The M3 Touring BMW should have built
The E46 M3 Touring was never going to be a simple parts-bin exercise. Unlike regular 3 Series models, the E46 M3 used a unique body structure, wider arches and specific rear suspension geometry. Turning that into a Touring meant far more than fitting an M3 engine into a wagon shell and calling it a day.
That is why many home-built E46 M3 Touring conversions have always felt slightly imperfect. Some were impressive, some were charming, but few truly captured the factory-prototype feeling. Petroyle wants to do it properly.
The Oxfordshire-based specialist is building a limited run of 50 bespoke E46 M3 Touring recreations, with production unit 001 already complete. The goal is not just to create an M3-powered Touring, but to recreate the car BMW almost made.
Carbon fibre where it makes sense
Petroyle will produce components such as the rear bumper, side sills, boot floor and front wings primarily from carbon fibre. The quarter panels remain steel, in line with the original design, while customers can also specify a carbon-fibre front bumper and carbon roof.
It helps keep weight close to the original E46 M3 Coupé, it adds strength where needed, and it gives a subtle nod to the legendary E46 M3 CSL, one of BMW M’s most celebrated lightweight machines.
Petroyle has also reinforced the rear axle carrier panel to address the well-known E46 cracking issue, with additional structural strengthening added to improve torsional rigidity in the Touring shell.
S54, V8 or even V10
For many purists, the right choice will be obvious: the S54 3.2-litre straight-six from the original E46 M3.
That engine is central to the character of the car. It revs, it sounds right, and it belongs to the E46 era in a way no later swap ever could. Petroyle even offers access to extremely rare zero-mile S54 engines for clients who want a near factory-fresh experience. But the company is also opening the door to wilder builds.
Customers can specify M-Power V8 or V10 conversions, which means an S65 or S85-powered Touring is possible. That may horrify the purists, but it also makes sense within the bespoke world. Some buyers will want the factory dream. Others will want the car BMW never even dared to imagine.
A proper modern-classic build
Every Petroyle M3 Touring will be customisable, from paint and trim to interior materials, drivetrain specification and final detailing. The first completed car, finished in Laguna Seca Blue, appears to stay close to the original prototype spirit. That is exactly the right approach.

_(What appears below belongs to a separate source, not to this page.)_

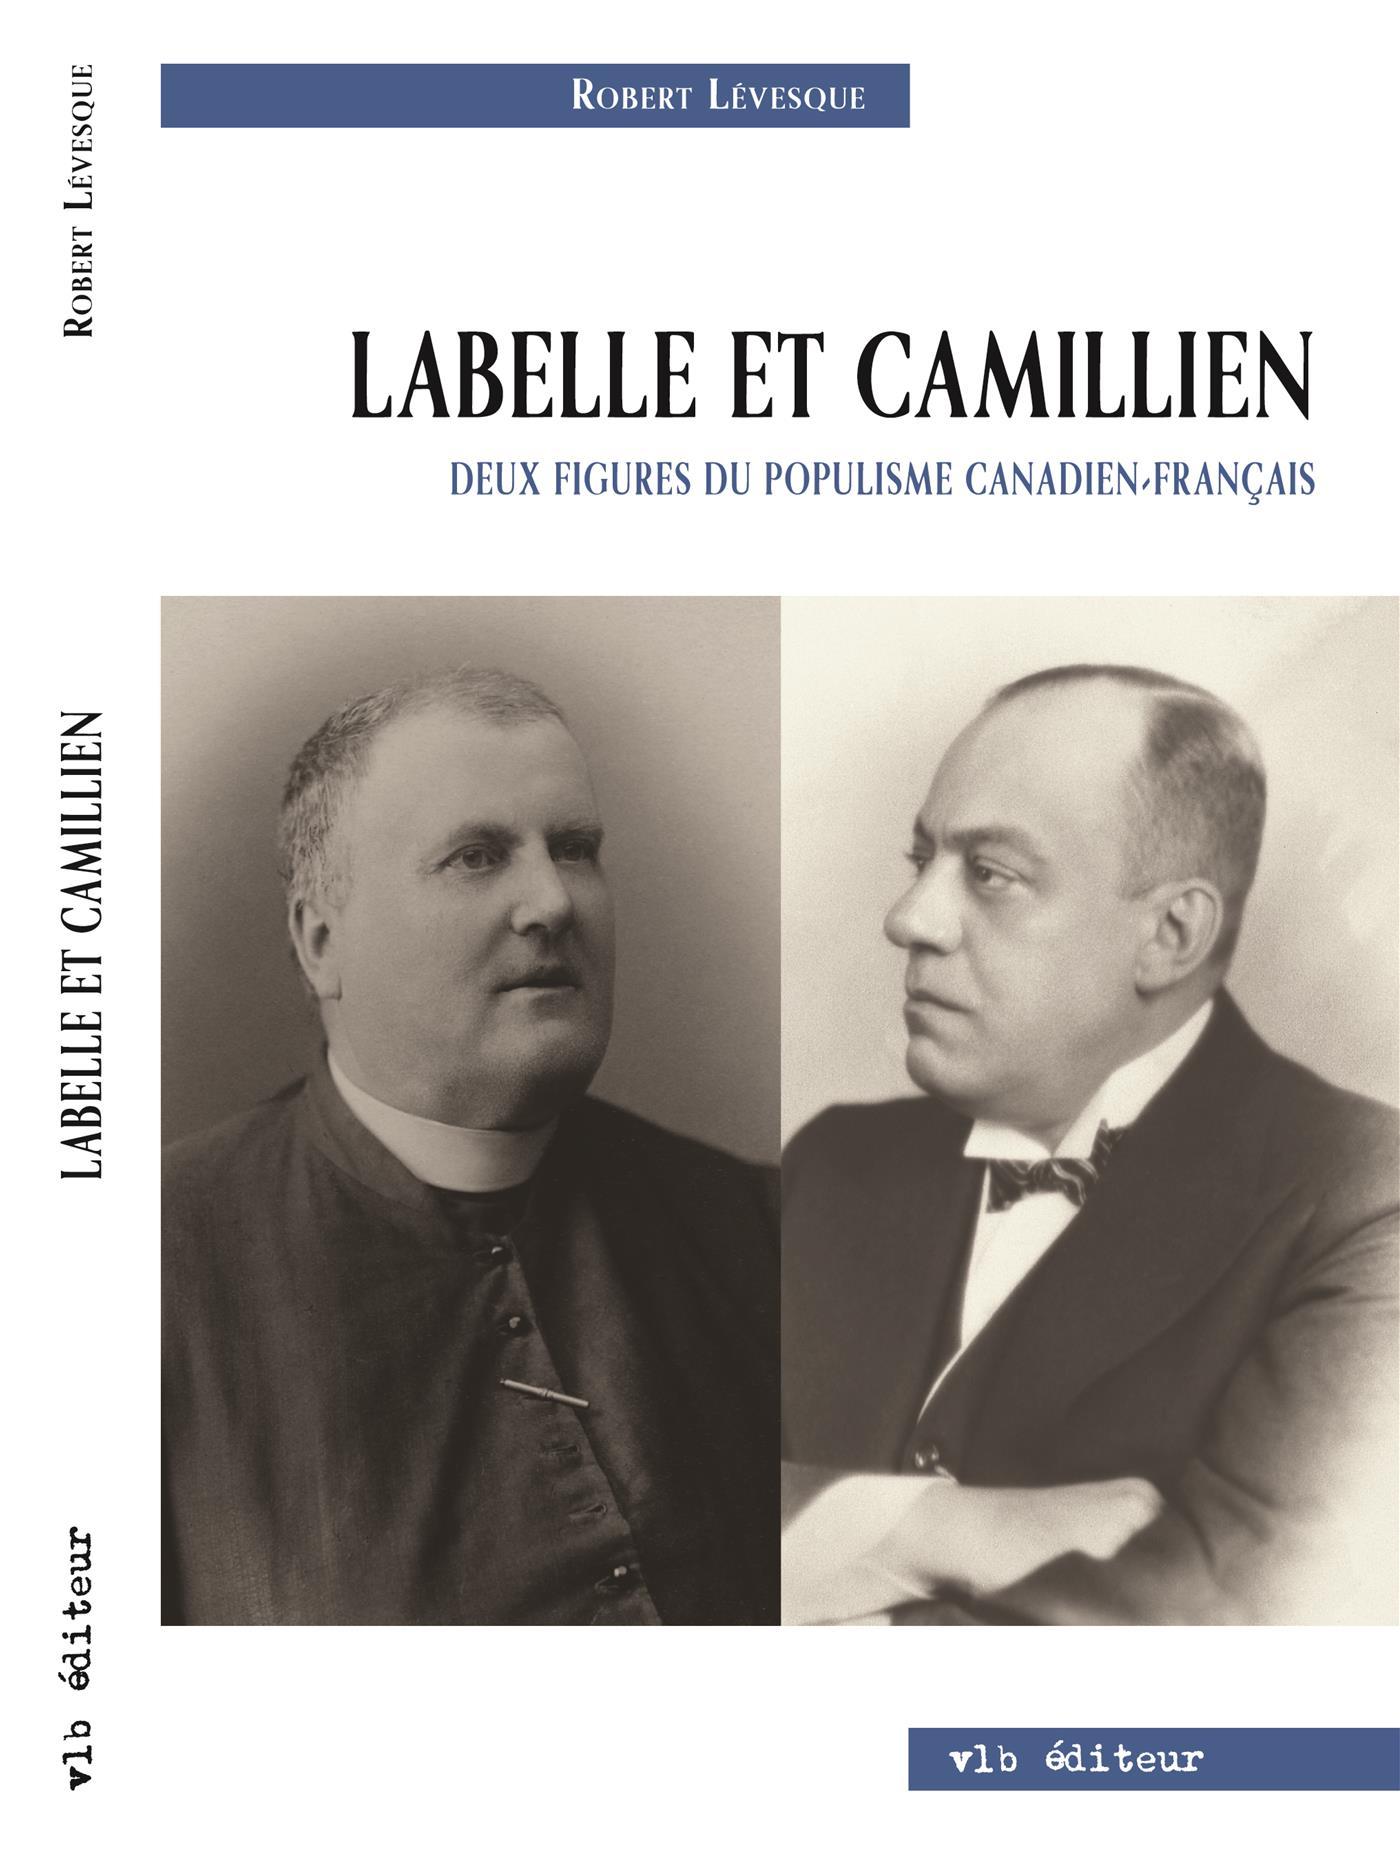 Labelle et Camillien.

The E46 M3 Touring does not need to be overdesigned. It needs to look like it rolled out of a BMW M facility in the early 2000s and somehow escaped the cancellation meeting. The best custom builds are often the ones that do not immediately look custom.
The price of a dream
The build cost starts at around €150,000, before options, local taxes and final specification. That figure places it in serious modern performance-car territory, but the comparison is not really with a new BMW M3 Touring.
The current G81 M3 Touring is a very different machine: turbocharged, all-wheel drive, automatic and much heavier in character. It is fast, useful and extremely capable, but it does not answer the same emotional question. The Petroyle car is for people who still believe the E46 generation was peak M3.
AutoNext Take
This might be one of the most emotionally correct modern-classic projects we have seen. The E46 M3 Touring should have happened. It had the right engine, the right era, the right proportions and the right audience, even if BMW did not fully believe in that audience at the time.
Petroyle is now proving that the demand was always there. The key will be restraint. If these cars feel too modified, too flashy or too far removed from the factory prototype, they will lose the magic. But if Petroyle keeps them visually and dynamically close to what BMW could have built, this limited run could become something very special.